Danıştay Savcısı: Ülkü Özcan
Düşüncesi: İdare ve vergi mahkemelerince verilen kararların temyizen incelenerek bozulabilmesi için, 2577 sayılı İdari Yargılama Usulü Kanununun 49 uncu maddesinin birinci fıkrasında belirtilen nedenlerin bulunması gerekmektedir.
Temyiz dilekçesinde öne sürülen hususlar, söz konusu maddede yanlı nedenlerden hiçbirisine uymadığından, istemin reddi ile temyiz edilen Mahkeme kararının onanmasının uygun olacağı düşünülmekledir.
TÜRK MİLLETİ ADINA
Hüküm veren Danıştay Onikinci Dairesince işin gereği düşünüldü:
Dava, 17.10.1999 tarihinde yapılan Devlet Memurluğu Sınavında başarılı olan ve Sosyal Sigortalar Kurumu Başkanlığı İzmir İli emrine <Hizmetli> olarak yerleştirilen davacının atanma tarihi itibariyle askerlik şartını taşımadığından bahisle atamasının yapılmamasına ilişkin işlemin iptali istemiyle açılmıştır.
Ankara 8. İdare Mahkemesince verilen 30.5.2003 günlü, E.2002/1290, K: 2003/668 sayılı kararıyla; davacının, SSK Başkanlığı İzmir ili emrine <Hizmetli> olarak atandığı tarihte fiilen askerlik görevini yapıyor olması nedeniyle Devlet memurluğuna alınma sırasında aranılan askerlikle ilgili şartları taşımadığından atanma isteminin reddedilmesinde hukuka aykırılık bulunmadığı gerekçesiyle reddedilmiştir.
Davacı, sınavın yapıldı 17.10.1999 tarihinde henüz askerlik çağına gelmediği, bu nedenle askerlikle ilgisinin bulunmadığını belirttiği, Devlet hizmeti olan askerliğini bitirdikten sonra göreve başlatılması gerektiğini öne sürmekte ve İdare Mahkemesi kararının temyizen incelenerek bozulmasını istemektedir.
657 sayılı Devlet Memurları Kanununun 48/A-6. maddesinde; Askerlik durumu itibariyle
a) Askerlikle ilgisi bulunmamak,
b) Askerlik çağına gelmemiş olmak,
c) Askerlik çağına gelmiş ise muvazzaf askerlik hizmetini yapmış yahut ertelenmiş veya yedek sınıfa geçirilmiş olmak kuralı yer almaktadır.

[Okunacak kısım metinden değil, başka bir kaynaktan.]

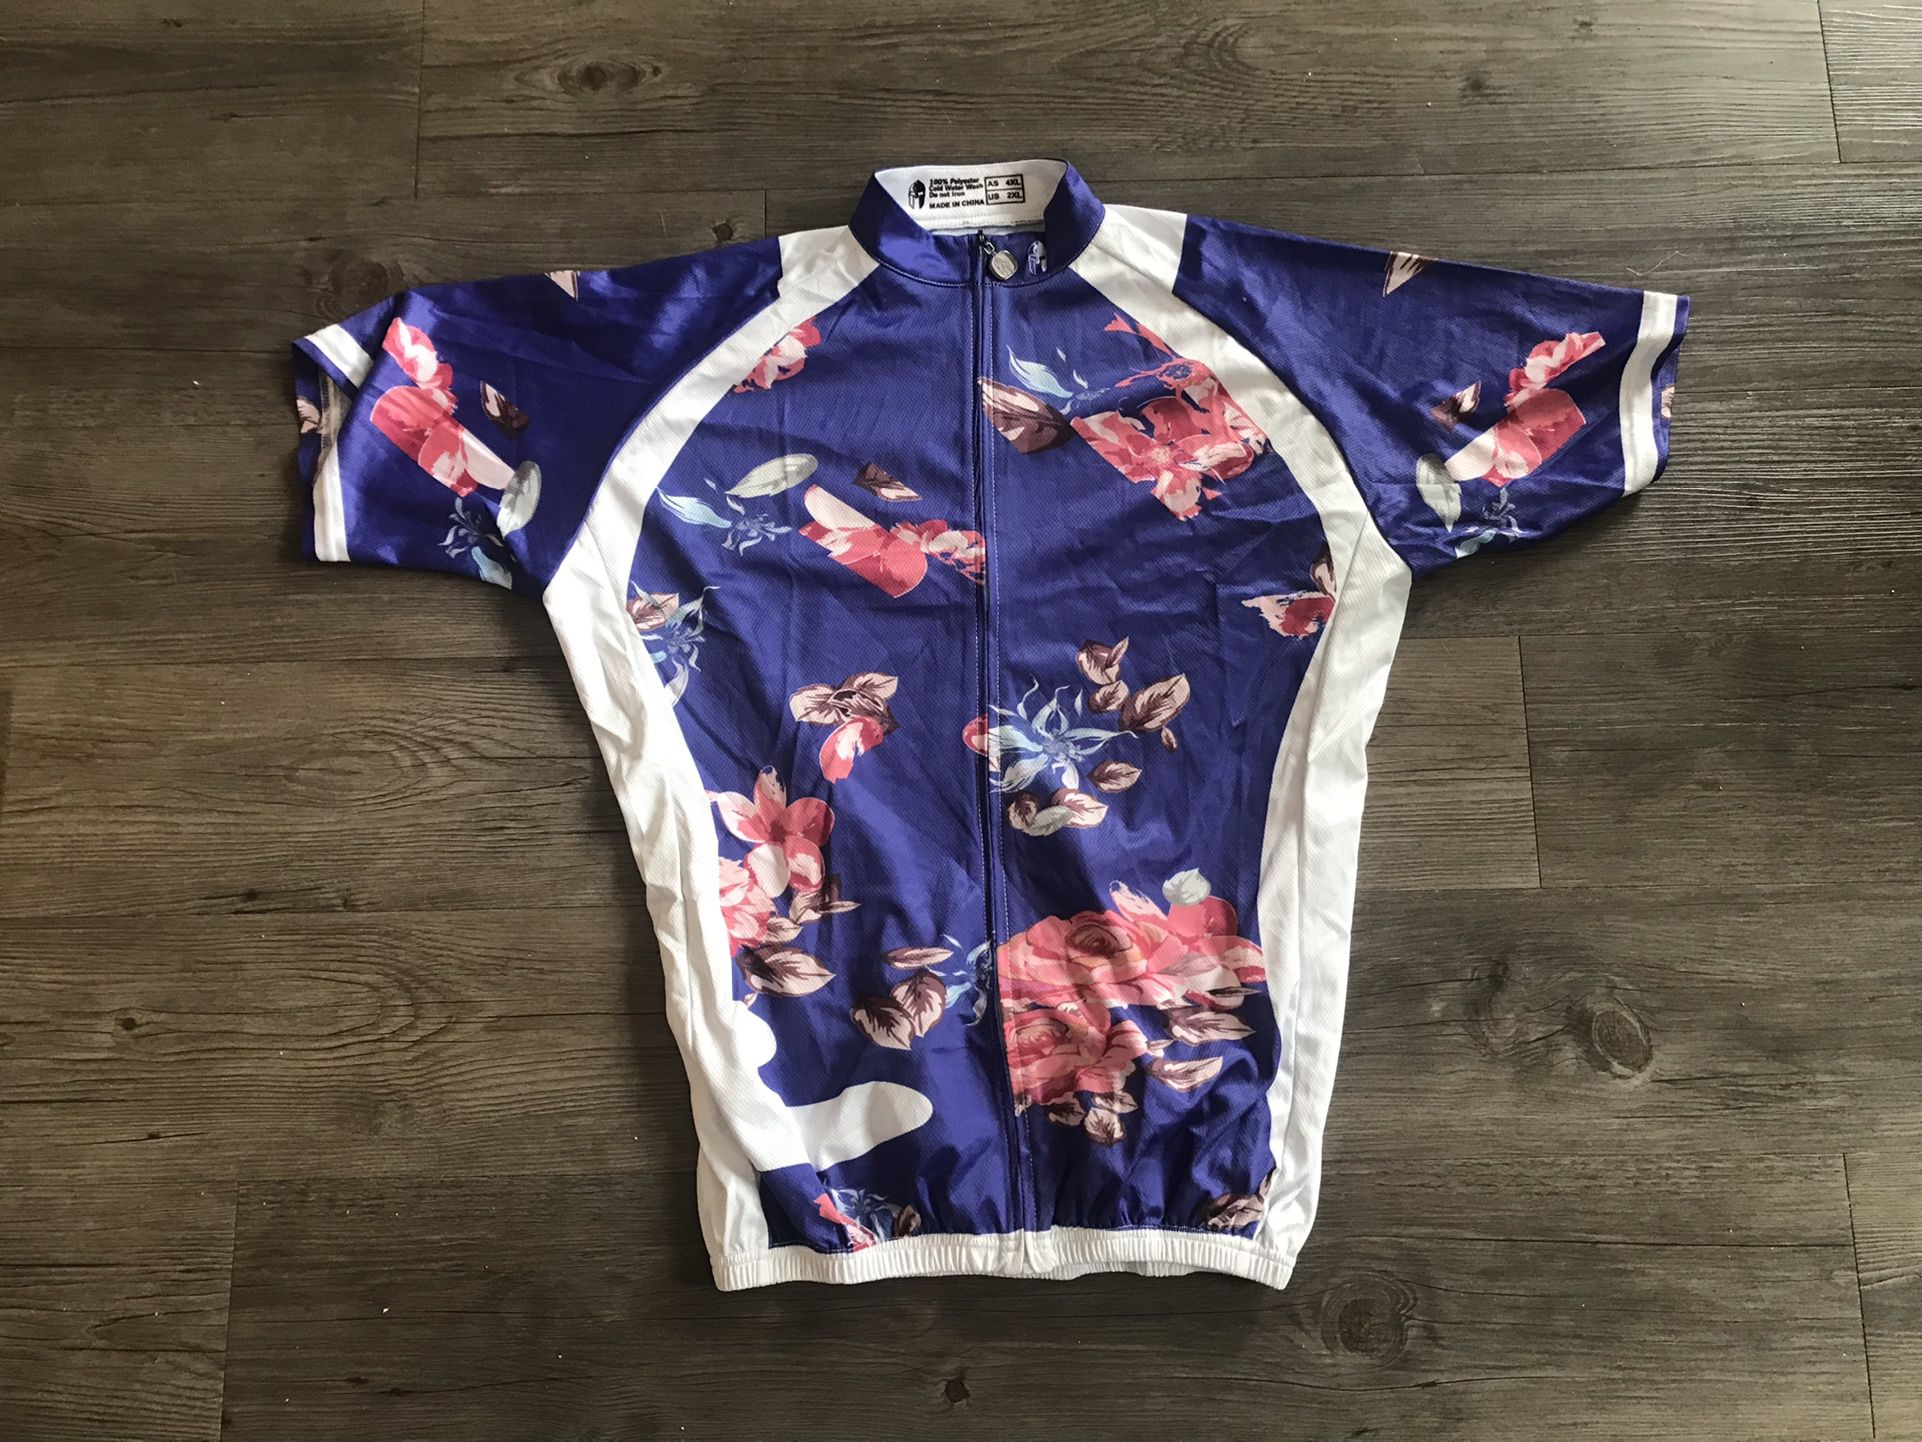 Women’s Paladin Cycling Jersey - 2X

Dosyanın incelenmesinden; 17.10.1999 tarihinde yapılan Devlet Memurluğu Sınavına katılarak başarılı olan davacının Devlet Personel Başkanlığınca Sosyal Sigortalar Kurumu Başkanlığı İzmir ili emrine <Hizmetli> olarak yerleştirildiği, ancak göreve başlatılmadan önce 24.11.2000 tarihinde askere sevk edildiği ve 14.5.2002 tarihinde askerliğini tamamladığını belirtilerek SSK Sağlık İşleri Genel Müdürlüğü Personel ve Eğitim Dairesine başvurduğu, ancak, 18.7.2002 tarihli dava konusu işlemle atamasının yapılamayacağının bildirilmesi üzerine bu işlemin iptali istemiyle davanın açıldığı anlaşılmaktadır.
Olayda, her ne kadar erkek adaylarda askerlikle ilişkisinin bulunmaması koşulunun arandığı belirtilmekte ise de sınavın yapıldığı tarihte askerlikle ilişkisi bulunmayan davacının bu tarihte atanmasının yapılacağı tarihi ve zorunlu bir kamu hizmeti olan askerliğe başlayış tarihini kesin olarak bilmesinin mümkün olmadığı ve muvazzaf askerlik hizmetinin her halükarda 2 aydan fazla sürmesi, Devlet memurluğuna ilk defa atanacaklarda askerlik hizmeti nedeniyle göreve başlamayanlar hakkında ne gibi bir işlem yapılacağı konusunda da bir düzenlemenin bulunmaması bu durumda olanların ancak terhis olduktan sonra 657 sayılı Devlet memurları Kanununun 62. ve 63. maddelerinde belirtilen süre içinde göreve başlamamaları durumunda atama onaylarının iptali yoluna gidilmesinin mümkün bulunması karşısında Devlet Personel Başkanlığınca yerleştirmenin yapıldığı tarihte davacının askerde olması sebebiyle atama onayının iptal edildiği belirtilerek başvurusunun reddine ilişkin tesis edilen dava konusu işlemde hukuki isabet bulunmamaktadır.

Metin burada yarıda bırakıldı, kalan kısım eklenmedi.